NRHS soccer expects improvement
Published 10:34 pm Thursday, March 7, 2013
Though the Nansemond River boys’ soccer team enters this season with only five or six returning players out of 20 that formed the 2012 squad, the core that head coach Dustin Tordoff had been working with remains.
Tordoff enters his third year coaching the Warriors, and he noted how last year fits into his history with the team.
“We ended up 5-9, which was a pretty big drop from the first year I was here,” he said. “We played a much tougher schedule, a lot of Beach schools. A lot of close games just didn’t go our way.”
One major variable that affects the fate of many teams in the district this year is the new restriction placed upon players who are part of certain travel ball teams, or “academy” teams, as Tordoff referred to them. These teams have adjusted from 10-month schedules to 12-month schedules, and they prohibit their players from playing for their respective school teams because it would be in conflict.
This restriction has removed some key players from the Warriors team that were on it last year, but it has not derailed the upcoming season. In fact, Tordoff expects to have a deep team.
“As far as my expectations go, we’re going to field a competitive team,” he said. “At the beginning of the season, everybody looks good and then start dropping off, people with injuries, different things. It’s hard to forecast to the end, but I feel like it would be a disappointment if we didn’t make the district tournament this year being that we got seventh last year.”
Only the top six teams in the district qualify for the district tourney.
“I think our team this year is better,” Tordoff said. “We have more depth this year, for sure.”
He said that while the Warriors have had really good individual players in the past, they haven’t really had “the depth of an 11-man team, and I think, this year, we can go even as deep as 14, 15 kids that have the ability to step in and be just as good as the next guy.”
The alumni from the 2012 squad will be big factors.
“And then you supplement in a lot of the young guys that we got this year, which our ninth-grade class is fantastic,” he said. “I think last year we had two freshmen, the year before we had one, this year we’ve got six, and each one of them probably is going to get substantial playing time. We might even have three or four of them starting for us.”

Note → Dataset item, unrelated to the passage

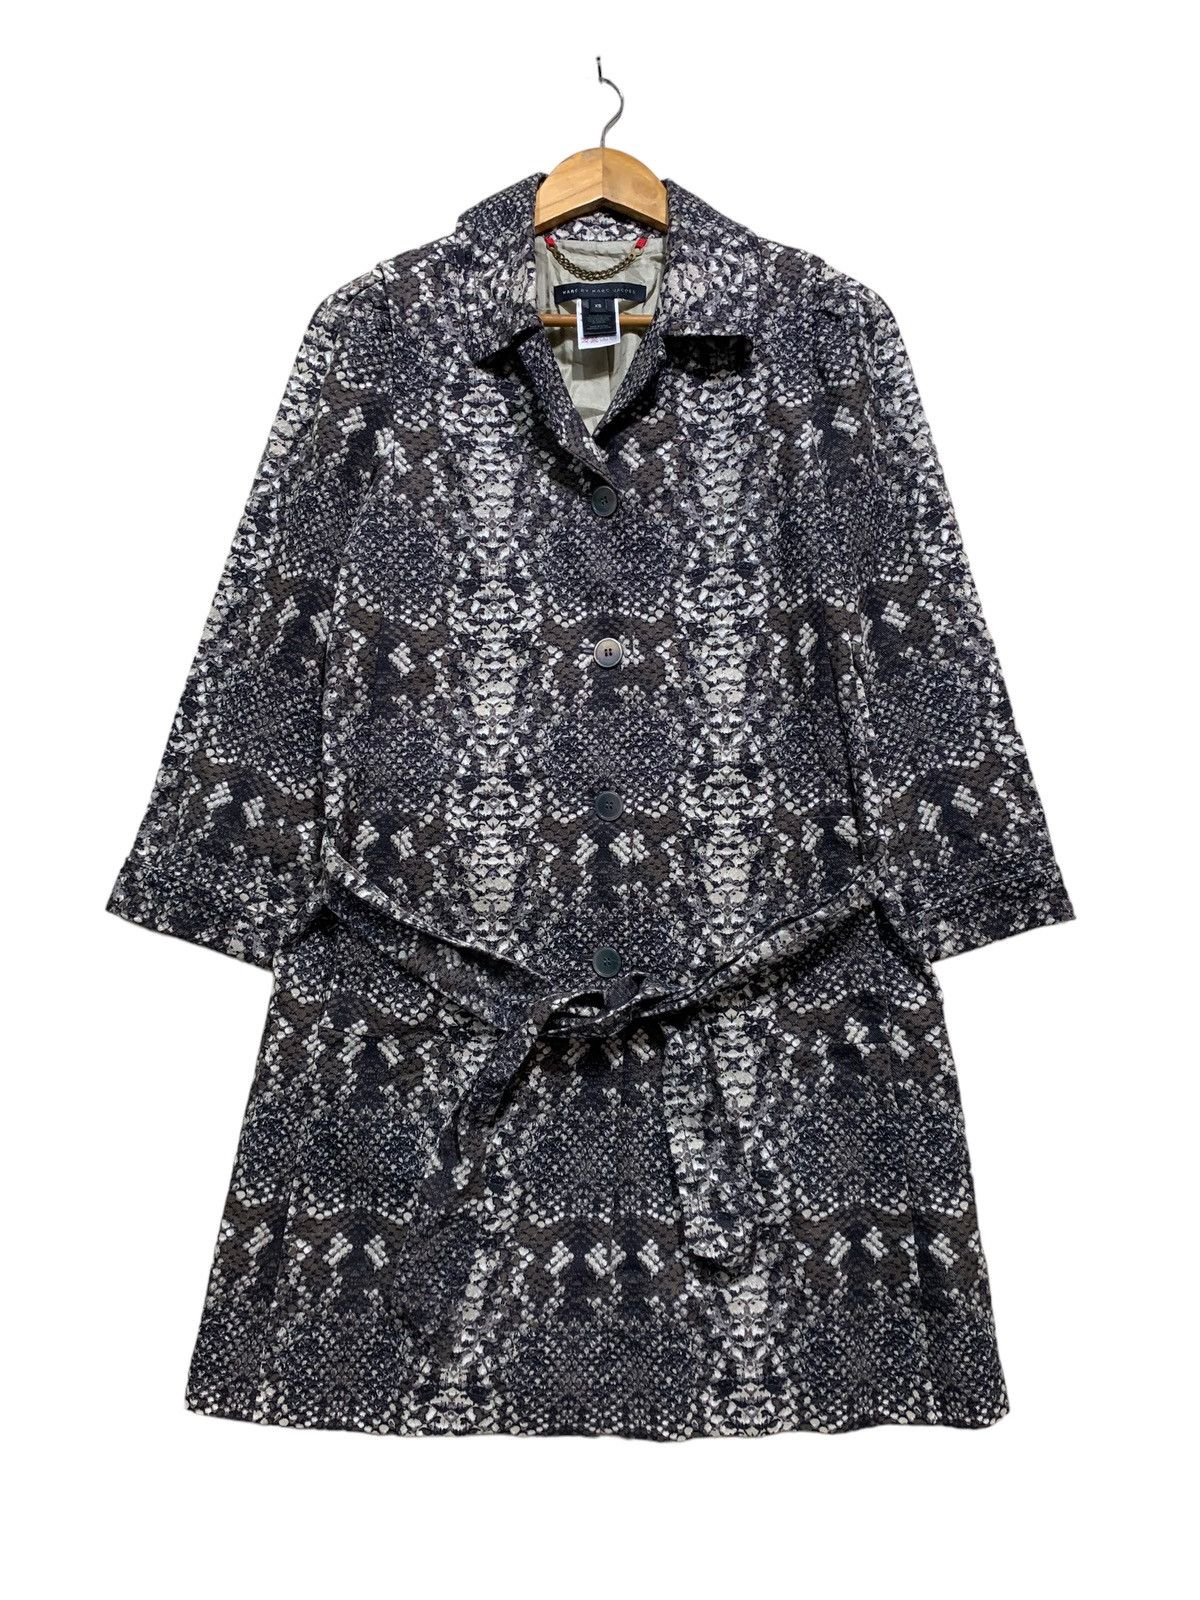 🔥MARC JACOBS SNAKESKIN PRINTED TRENCHCOATS - 1

Upperclassmen will be the expected leaders on the forward, midfield and defensive lines. Gabe Everette will be of significant importance.
“He’s a returning player, he’ll be a captain for us this year,” Tordoff said. “He’s center midfielder, led the team in goals last year as a sophomore with 11, 10 or 11, I believe. Dribbling, he’s the shiftiest kid I think I’ve had in a while, but he’s going to be a key cog to the whole flow of the team. He’s going to control the entire midfield which will control the forwards which will control what we’re doing on defense.”
On defense, Tordoff is counting on the speed and tenacity of senior Nate Chandler.
“If we know he’s going to be there and shutting down the strong side of the defense, then that makes it a lot easier for us to go out and have a tactical approach to what we’re going to do,” he said.
Senior Zach Thomas will get the chance to take charge as a forward.
“We had a guy who scored in the mid-20s of goals two years ago, and Zach was the guy next to him,” Tordoff said. “And then last year, one of the academy kids was up top a lot. So this year is his opportunity to really get it going. He had, I think, eight goals last year as a junior, so he’s expected to really step up this year.”
Tordoff expects the typical challenges of keeping high school kids focused and competing in a fiercely challenging district, but the first seven non-district games of the regular season will give the team a chance to find its footing. The season begins this Monday on the road against Maury High School.